I need to find a formula for the number $n_m$ of equivalence classes of the set of propositional logical formulas only containing the propositional variables $p_0,...,p_m$ and only using the connective $\rightarrow$.
This is considering classical propositional logic, I know that what this question is really asking me is to figure out a formula for how many inequivalent formulas I can form with $m$ variables. I can use the variables and the connective more than once, therefore $(p \rightarrow q) \rightarrow q$ can be considered as an option. I have worked out that if $m=2$ (I only have $p$ and $q$), I can have 6 inequivalent formulas, so $m_2=6$. But I don't know how to generalise that information. I would very much appreciate your ideas.

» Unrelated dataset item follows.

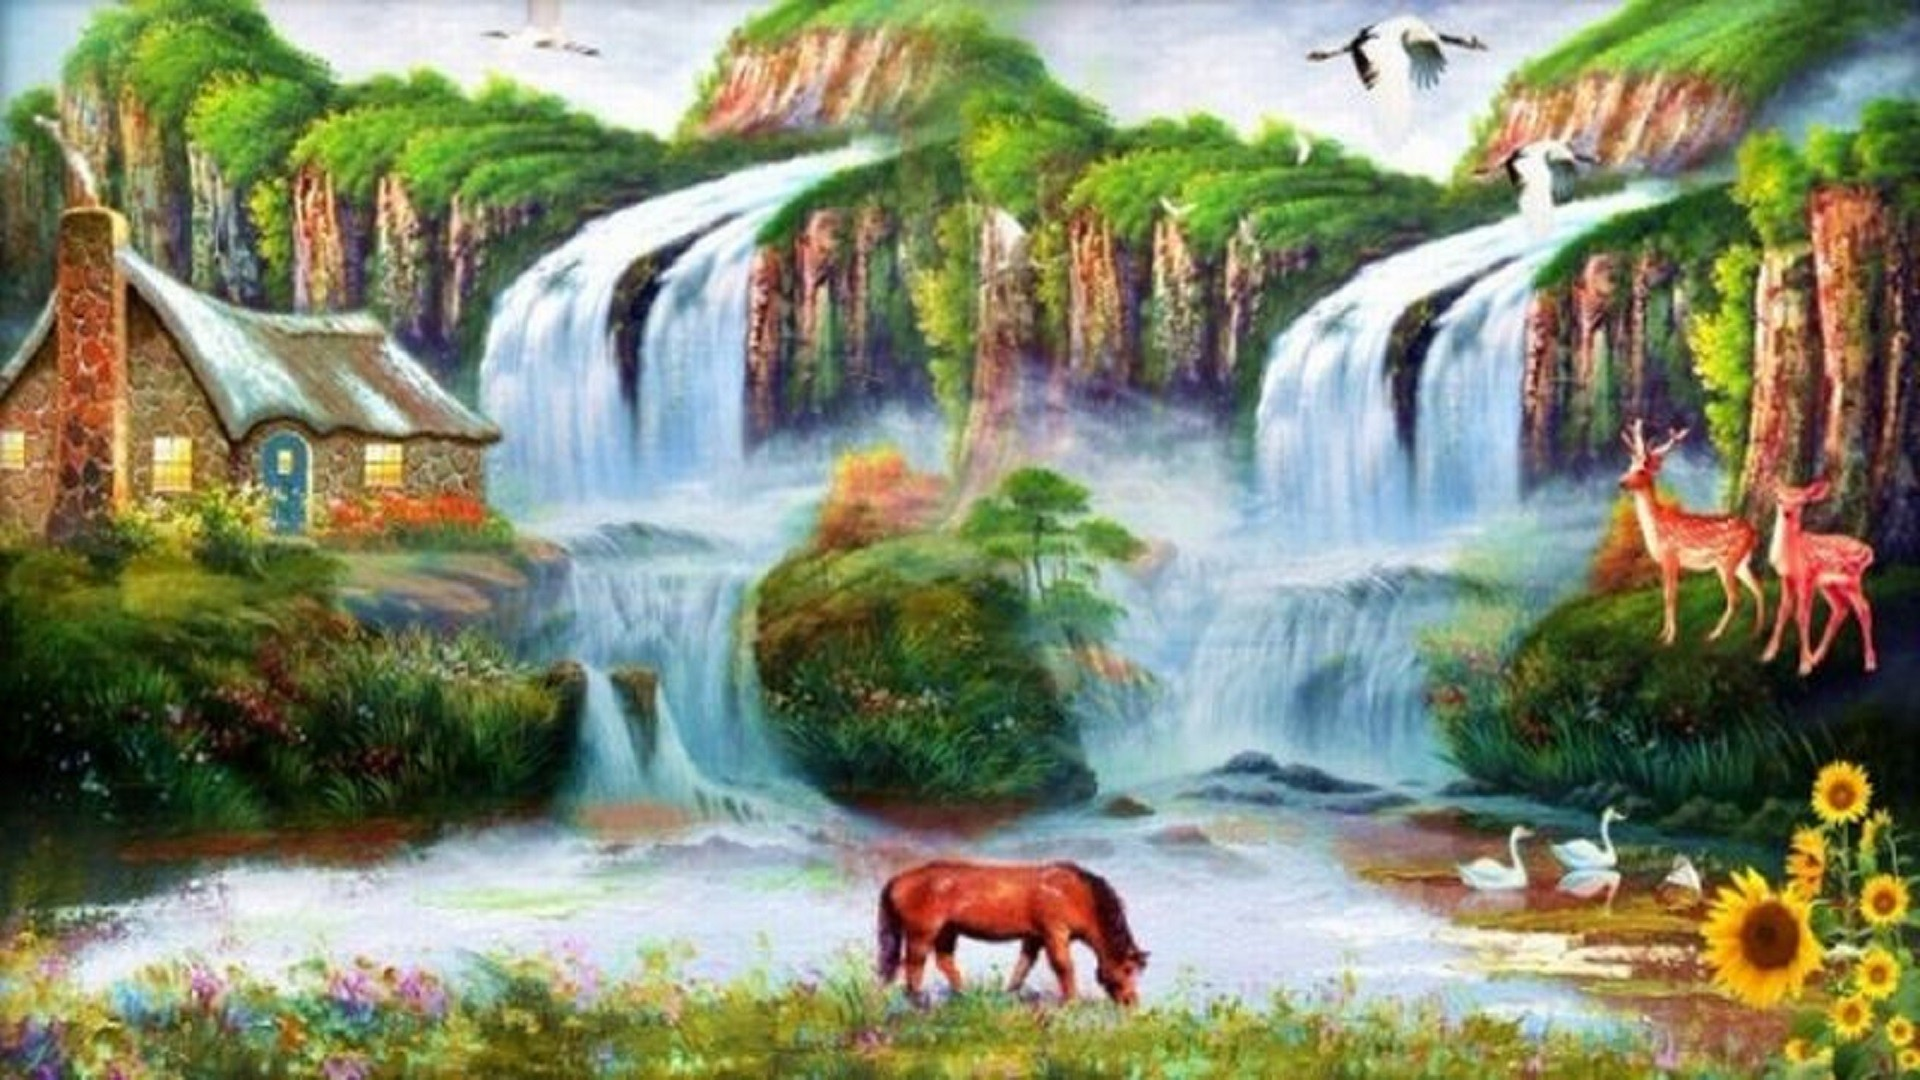 Computer Wallpaper Nature Scenes (54+ Images

The set of Boolean functions (i.e., functions from $\{0,1\}^n\to\{0,1\}$ for some $n\ge 1$) that can be produced from $n$ propositional variables and $\to$ is the clone $T_1^\infty$ in Post’s lattice. It has an alternative description as the set of Boolean functions bounded below by a variable: $f$ is such a function if there is a $k$ such that $f(p_1,\ldots,p_n)\ge p_k$ for all $\langle p_1,\ldots,p_n\rangle\in\{0,1\}^n$.
To put this a bit differently, suppose that you organize a truth table for $p_1,\ldots,p_n$, and the function $f$ in such a way that the truth value vectors $\langle p_1,\ldots,p_n\rangle$ are listed in numerical order when interpreted as binary numbers. For the function $f$ defined by the expression $(p_1\to p_2)\to p_2$, for instance, we have
$$\begin{array}{ccc} p_1&p_2&f\\ \hline 0&0&0\\ 0&1&1\\ 1&0&1\\ 1&1&1 \end{array}$$
We can then represent the function $f$ by the $2^n$-bit string $0111$. The bit string representations of the Boolean functions derivable from individual propositional variables and $\to$ are those that can be obtained from the bit strings for the individual variables by changing any number of zeroes to ones.
For $n=2$ the propositional variables are represented by $0011$ for $p_1$ and $0101$ for $p_2$, and the four other Boolean functions derivable from them with $\to$ are $0111,1011,1111$, and $1101$. For $n=3$ the propositional variables are represented by $00001111,00110011$, and $01010101$, and there are $35$ other Boolean functions that can be derived from them using only $\to$. These aren’t hard to count using an inclusion-exclusion argument. Each of the $3$ initial vectors has $4$ zeroes, any subset of which can be changed to ones, so at a first approximation there are $3\cdot 2^4=48$ Boolean functions of at most three variables derivable using only $\to$. However, any two of the initial vectors have $2$ zeroes in common, so for each of the $\binom32$ pairs of initial vectors we’ve counted $2^2$ functions twice; subtracting the over-counting leaves us with $48-3\cdot4=36$ Boolean functions as a second approximation. Finally, there is one zero that all three initial propositional vectors have in common. Its two possible values were counted three times initially and then subtracted three times, so we need to add them back in, and we find that
$$m_3=\binom312^{2^2}-\binom322^{2^1}+\binom332^{2^0}=38\;.$$
This argument generalizes to yield the formula
$$m_n=\sum_{k=1}^n(-1)^{k+1}\binom{n}k2^{2^{n-k}}\;.$$
The sequence turns out to be OEIS A005530, but there’s not much in the OEIS entry. The entry does note that this is also the number of degenerate Boolean functions of $n$ variables.
The counting argument is straightforward once one has the characterization of these Boolean functions as those that are bounded below by a variable. Verifying that is tedious but straightforward. It’s not hard to check that composition preserves the property of being bounded below by a variable. It’s a bit more work to check that one can get all of these functions from the initial propositional variables.
This can be done by induction on the number of propositional variables. Rather then write out the whole argument, I’ll illustrate what happens in the step from $n=2$ to $n=3$. By hypothesis we have the six Boolean functions of two variables whose string representations are $0011,0101,0111,1011,1101$, and $1111$. Adding the third variable just doubles each bit, so that we have $00001111,00110011,00111111,11001111,11110011$, and $11111111$ without actually making use of the third variable. Its own vector is $01010101$.
At this point we have every vector with just one $0$ except $11111110$, which is unobtainable: every composition of implications is true when all of the propositional variables are true. These can be used to get the possible vectors with $3$ zeroes (e.g., $10111111\to 00001111$ yields $01001111$), and they can then be combined with the $3$-zero vectors to get the possible $2$-zero vectors (e.g., $11101111\to 01001111$ is $01011111$).
There may well be easier ways to think about this; I’ve not worked with it before. But this should at least give you a way to think about the problem.